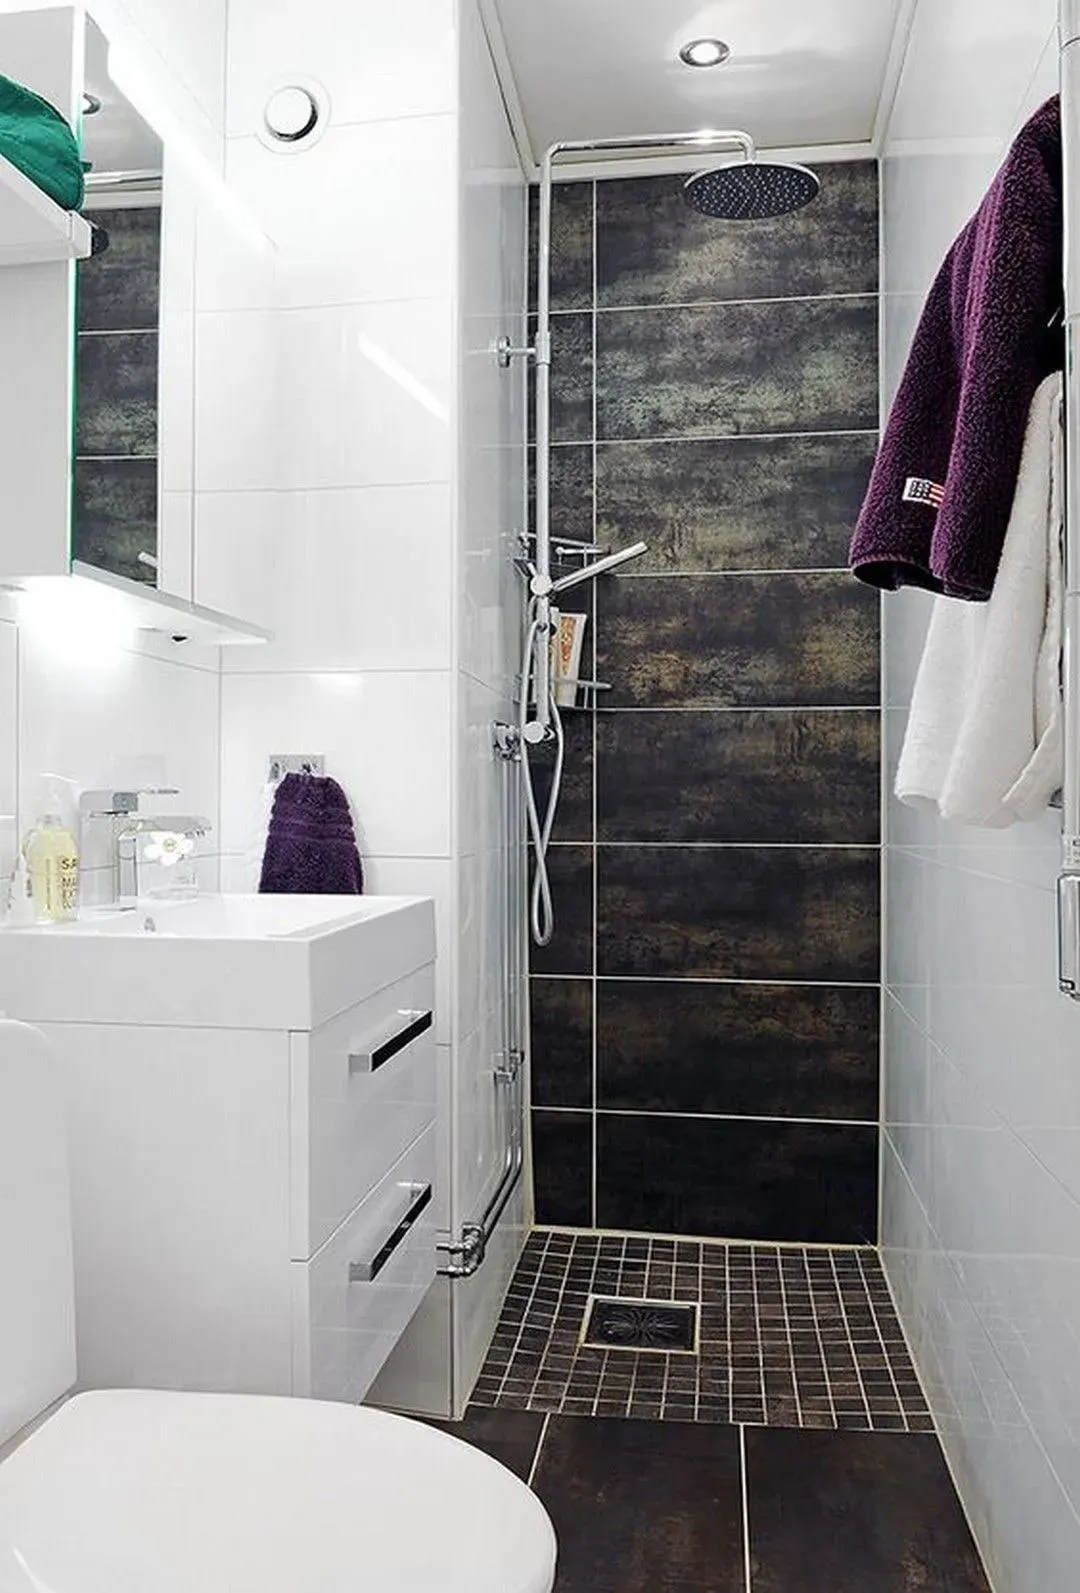 Дизайн ванной комнаты вытянутой формы
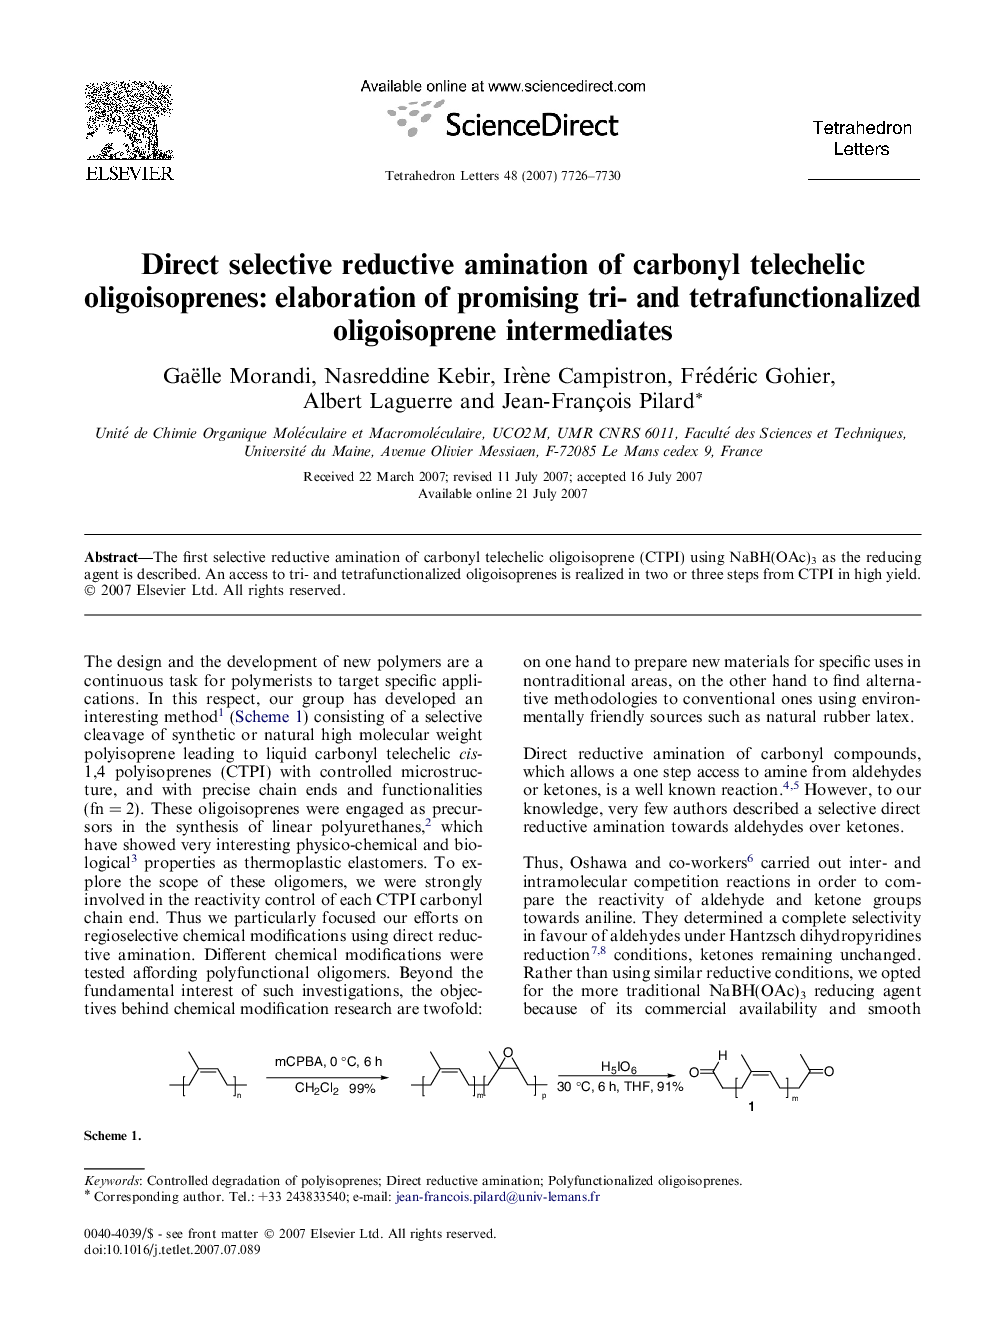 Direct selective reductive amination of carbonyl telechelic oligoisoprenes: elaboration of promising tri- and tetrafunctionalized oligoisoprene intermediates
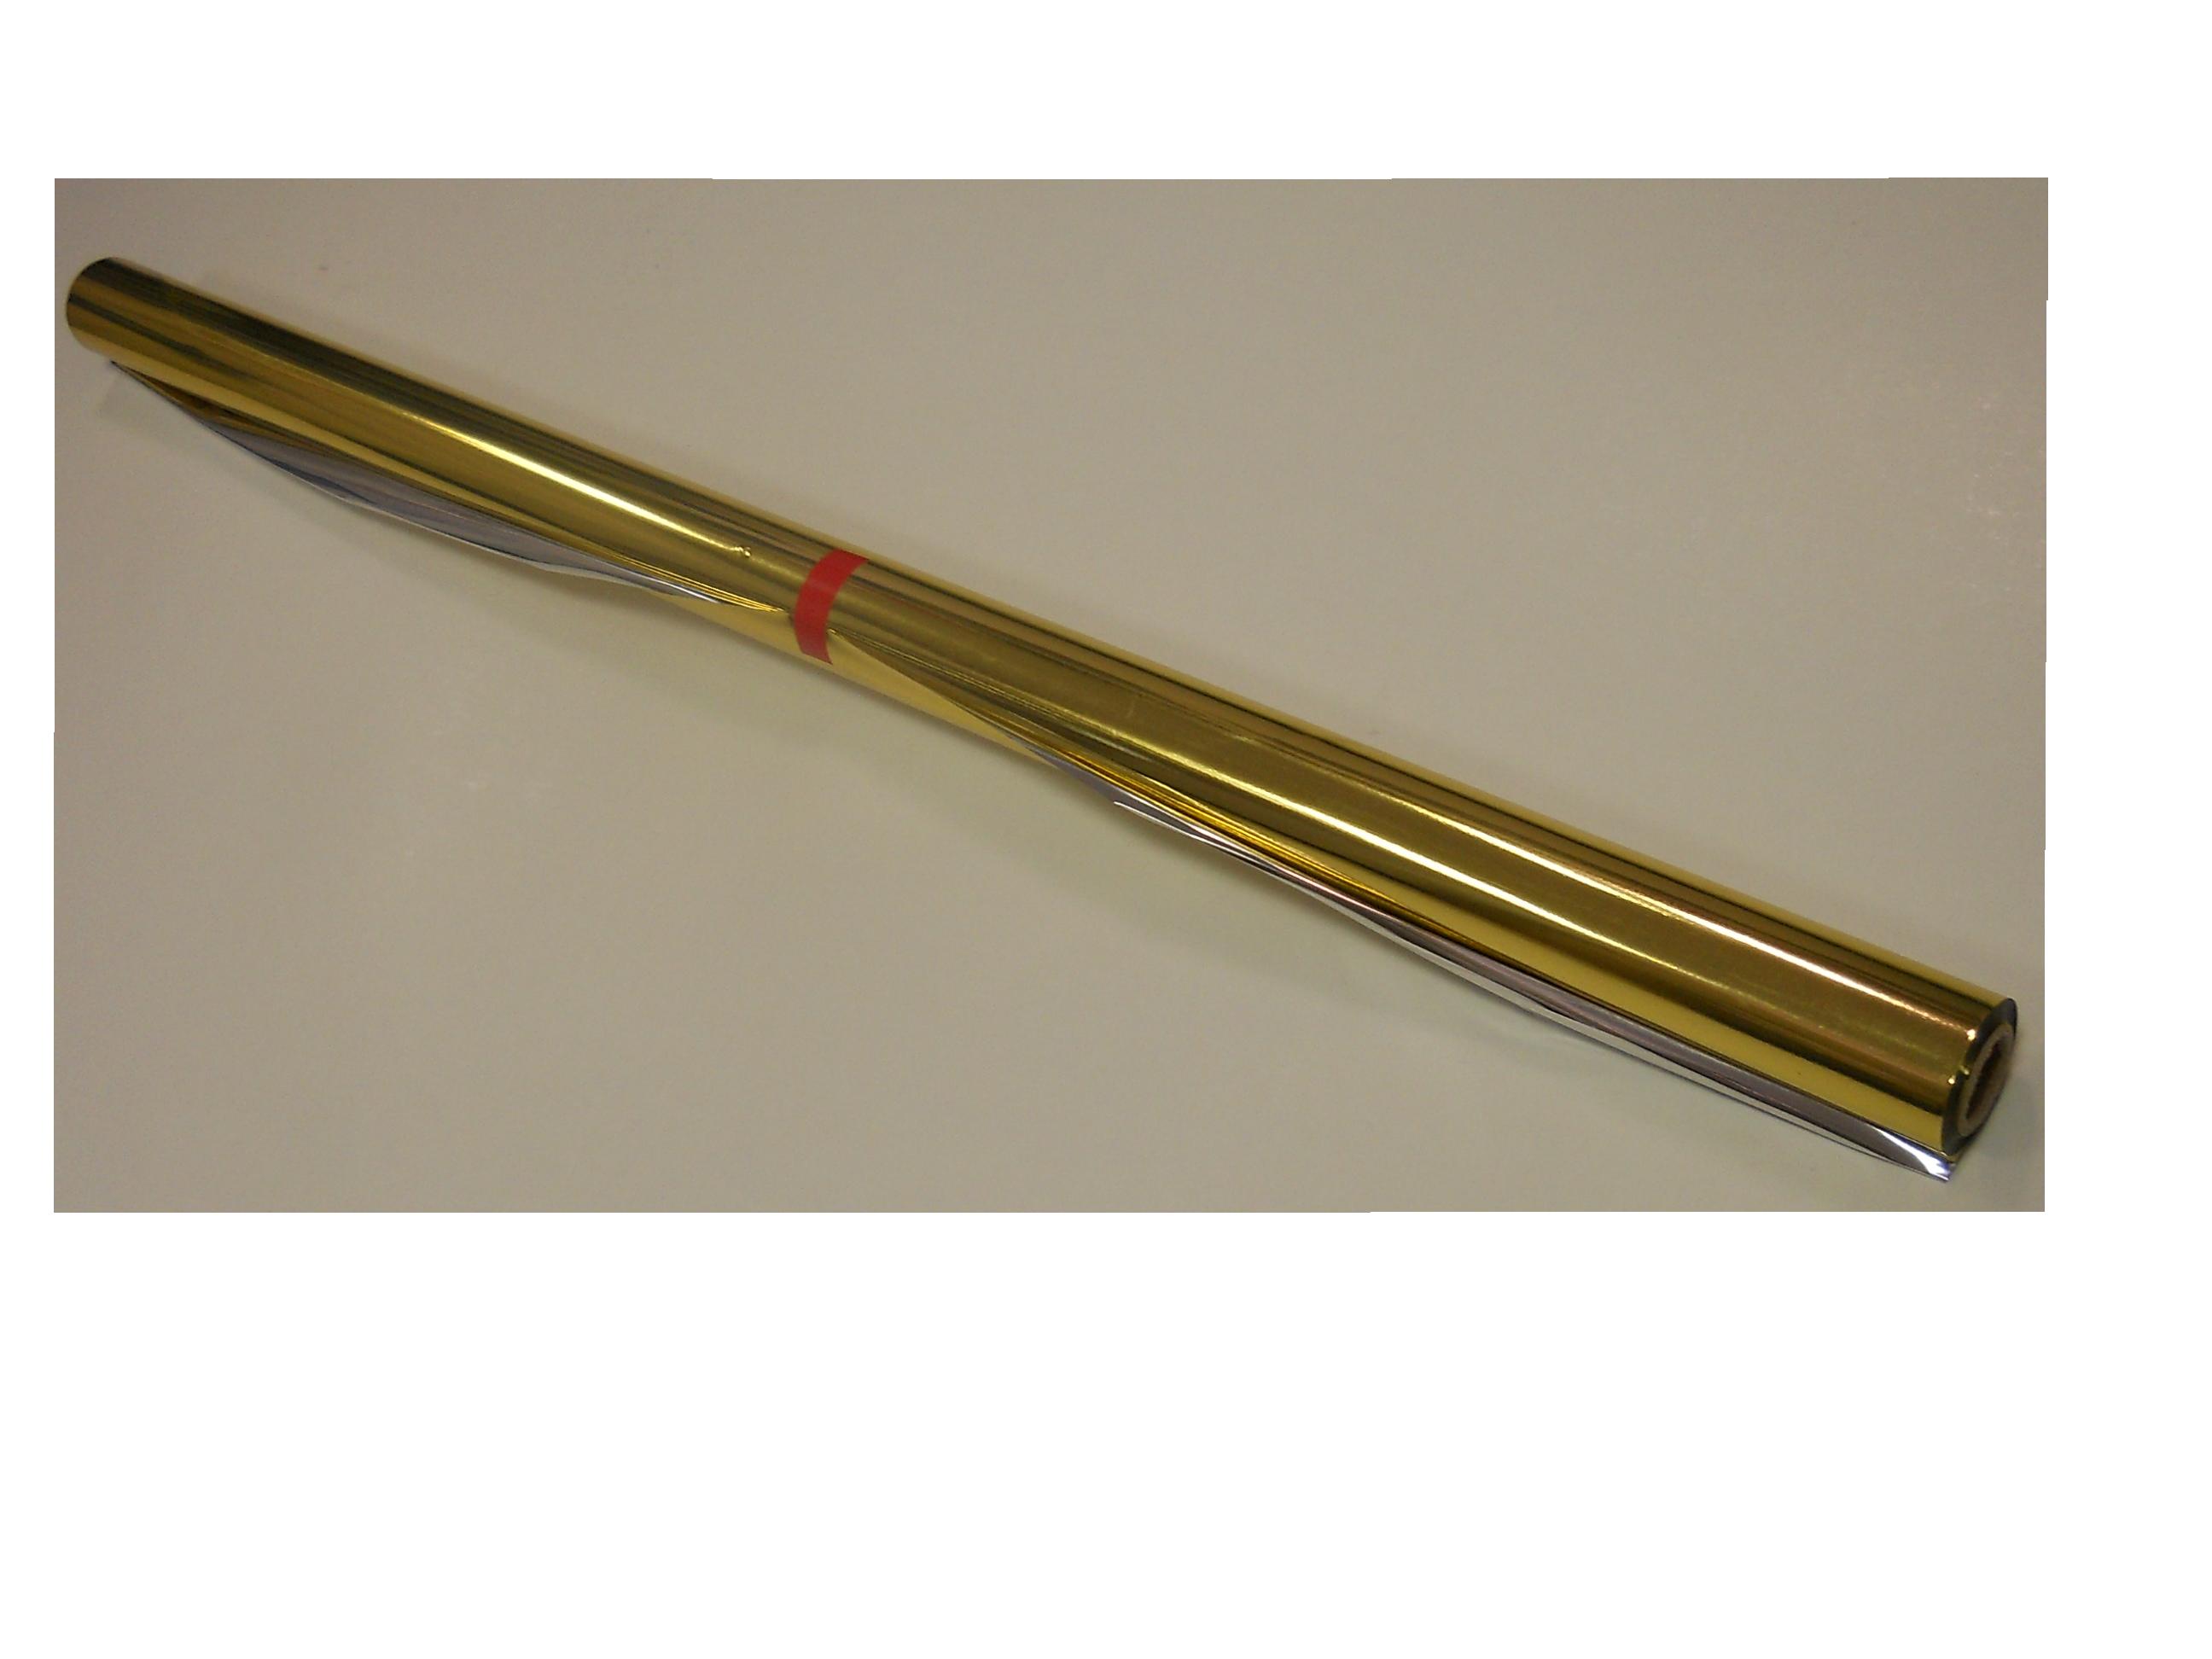 Baliaci Celofán metafán zlatý 1 rolka š 70 cm / dl.10 m  9,99 EUR s DPH rol.

════════════════

> **WORK INSTRUCTIONS**
Reproduce the whole listing word for word, setting aside any pictures.

> **ANSWER TO THIS EXERCISE**
 Дизайн ванной комнаты вытянутой формы
 Direct selective reductive amination of carbonyl telechelic oligoisoprenes: elaboration of promising tri- and tetrafunctionalized oligoisoprene intermediates
 Baliaci Celofán metafán zlatý 1 rolka š 70 cm / dl.10 m  9,99 EUR s DPH rol.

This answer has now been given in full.